→ Aim of the exercise
Which lines below mention "Site"? Pick each one out.
(Beginning of Material shown)
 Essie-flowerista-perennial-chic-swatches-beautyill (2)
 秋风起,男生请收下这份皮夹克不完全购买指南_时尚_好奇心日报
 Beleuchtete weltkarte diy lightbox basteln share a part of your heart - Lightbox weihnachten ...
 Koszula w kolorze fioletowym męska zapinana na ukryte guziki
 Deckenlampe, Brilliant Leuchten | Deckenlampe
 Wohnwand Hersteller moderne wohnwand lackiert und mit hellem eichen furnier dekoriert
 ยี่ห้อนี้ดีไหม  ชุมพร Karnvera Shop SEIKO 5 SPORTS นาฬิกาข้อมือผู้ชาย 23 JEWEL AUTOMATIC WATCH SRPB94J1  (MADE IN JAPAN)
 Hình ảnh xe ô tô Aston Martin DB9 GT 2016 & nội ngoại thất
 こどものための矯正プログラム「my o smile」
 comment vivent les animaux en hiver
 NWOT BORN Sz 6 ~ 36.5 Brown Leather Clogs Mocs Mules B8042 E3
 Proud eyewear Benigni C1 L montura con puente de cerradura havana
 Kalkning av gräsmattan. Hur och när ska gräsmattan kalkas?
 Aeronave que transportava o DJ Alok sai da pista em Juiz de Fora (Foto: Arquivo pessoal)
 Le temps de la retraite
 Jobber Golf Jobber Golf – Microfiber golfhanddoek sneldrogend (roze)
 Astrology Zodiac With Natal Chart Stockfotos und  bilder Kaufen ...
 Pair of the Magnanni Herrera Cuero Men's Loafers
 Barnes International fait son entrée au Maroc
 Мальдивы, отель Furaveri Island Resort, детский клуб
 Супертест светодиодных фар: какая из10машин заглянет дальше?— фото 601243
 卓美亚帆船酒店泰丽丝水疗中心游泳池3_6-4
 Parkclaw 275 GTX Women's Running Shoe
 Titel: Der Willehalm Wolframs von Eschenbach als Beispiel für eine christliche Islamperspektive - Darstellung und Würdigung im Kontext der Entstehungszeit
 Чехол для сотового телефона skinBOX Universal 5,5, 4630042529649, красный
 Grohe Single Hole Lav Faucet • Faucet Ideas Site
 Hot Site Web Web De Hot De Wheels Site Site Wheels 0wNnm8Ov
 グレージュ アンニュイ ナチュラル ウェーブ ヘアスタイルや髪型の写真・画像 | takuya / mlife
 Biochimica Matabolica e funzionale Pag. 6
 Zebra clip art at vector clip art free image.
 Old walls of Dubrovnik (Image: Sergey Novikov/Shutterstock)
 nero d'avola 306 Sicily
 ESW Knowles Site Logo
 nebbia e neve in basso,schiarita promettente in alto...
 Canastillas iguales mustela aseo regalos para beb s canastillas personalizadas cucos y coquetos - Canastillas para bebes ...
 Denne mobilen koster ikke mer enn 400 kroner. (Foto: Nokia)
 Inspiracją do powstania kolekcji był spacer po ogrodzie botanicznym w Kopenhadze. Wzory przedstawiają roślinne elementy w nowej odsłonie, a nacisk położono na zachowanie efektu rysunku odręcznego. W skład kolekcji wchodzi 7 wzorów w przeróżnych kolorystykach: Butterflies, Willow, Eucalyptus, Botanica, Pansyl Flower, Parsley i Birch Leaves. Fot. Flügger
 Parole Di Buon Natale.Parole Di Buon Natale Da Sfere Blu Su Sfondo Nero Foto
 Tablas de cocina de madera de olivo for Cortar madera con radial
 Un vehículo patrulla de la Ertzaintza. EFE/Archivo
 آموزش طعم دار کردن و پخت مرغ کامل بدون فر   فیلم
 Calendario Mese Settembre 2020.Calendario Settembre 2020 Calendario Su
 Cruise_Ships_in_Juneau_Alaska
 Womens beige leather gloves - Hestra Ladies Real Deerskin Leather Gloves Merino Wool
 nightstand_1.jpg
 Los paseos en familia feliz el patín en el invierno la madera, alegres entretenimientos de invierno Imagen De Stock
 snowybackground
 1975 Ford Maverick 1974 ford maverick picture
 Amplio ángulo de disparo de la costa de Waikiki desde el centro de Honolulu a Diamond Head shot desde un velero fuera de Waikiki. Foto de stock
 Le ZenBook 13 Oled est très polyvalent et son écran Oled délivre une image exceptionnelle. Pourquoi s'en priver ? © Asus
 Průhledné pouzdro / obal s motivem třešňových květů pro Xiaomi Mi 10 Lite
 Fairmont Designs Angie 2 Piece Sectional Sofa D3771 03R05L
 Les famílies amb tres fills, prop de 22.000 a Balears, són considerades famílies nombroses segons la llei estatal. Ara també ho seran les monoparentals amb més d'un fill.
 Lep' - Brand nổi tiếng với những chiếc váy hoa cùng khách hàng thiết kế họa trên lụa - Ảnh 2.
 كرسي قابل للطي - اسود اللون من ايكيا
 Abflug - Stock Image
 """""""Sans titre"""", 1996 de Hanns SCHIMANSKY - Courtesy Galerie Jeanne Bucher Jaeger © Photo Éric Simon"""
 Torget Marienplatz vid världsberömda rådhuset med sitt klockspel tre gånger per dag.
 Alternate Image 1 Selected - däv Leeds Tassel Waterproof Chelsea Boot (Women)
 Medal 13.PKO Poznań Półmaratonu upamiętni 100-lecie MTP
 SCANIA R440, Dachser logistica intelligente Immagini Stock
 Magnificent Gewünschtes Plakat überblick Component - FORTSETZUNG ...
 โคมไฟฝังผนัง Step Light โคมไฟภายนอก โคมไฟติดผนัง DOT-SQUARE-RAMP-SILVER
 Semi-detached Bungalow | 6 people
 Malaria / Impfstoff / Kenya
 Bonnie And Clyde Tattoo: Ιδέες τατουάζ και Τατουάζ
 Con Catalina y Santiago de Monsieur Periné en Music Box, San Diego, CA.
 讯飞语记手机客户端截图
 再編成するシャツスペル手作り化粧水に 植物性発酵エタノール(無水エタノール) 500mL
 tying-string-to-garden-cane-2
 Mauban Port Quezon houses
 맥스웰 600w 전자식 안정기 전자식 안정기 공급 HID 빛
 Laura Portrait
(End of Material shown)
→ Response area
 Grohe Single Hole Lav Faucet • Faucet Ideas Site
 Hot Site Web Web De Hot De Wheels Site Site Wheels 0wNnm8Ov
 ESW Knowles Site Logo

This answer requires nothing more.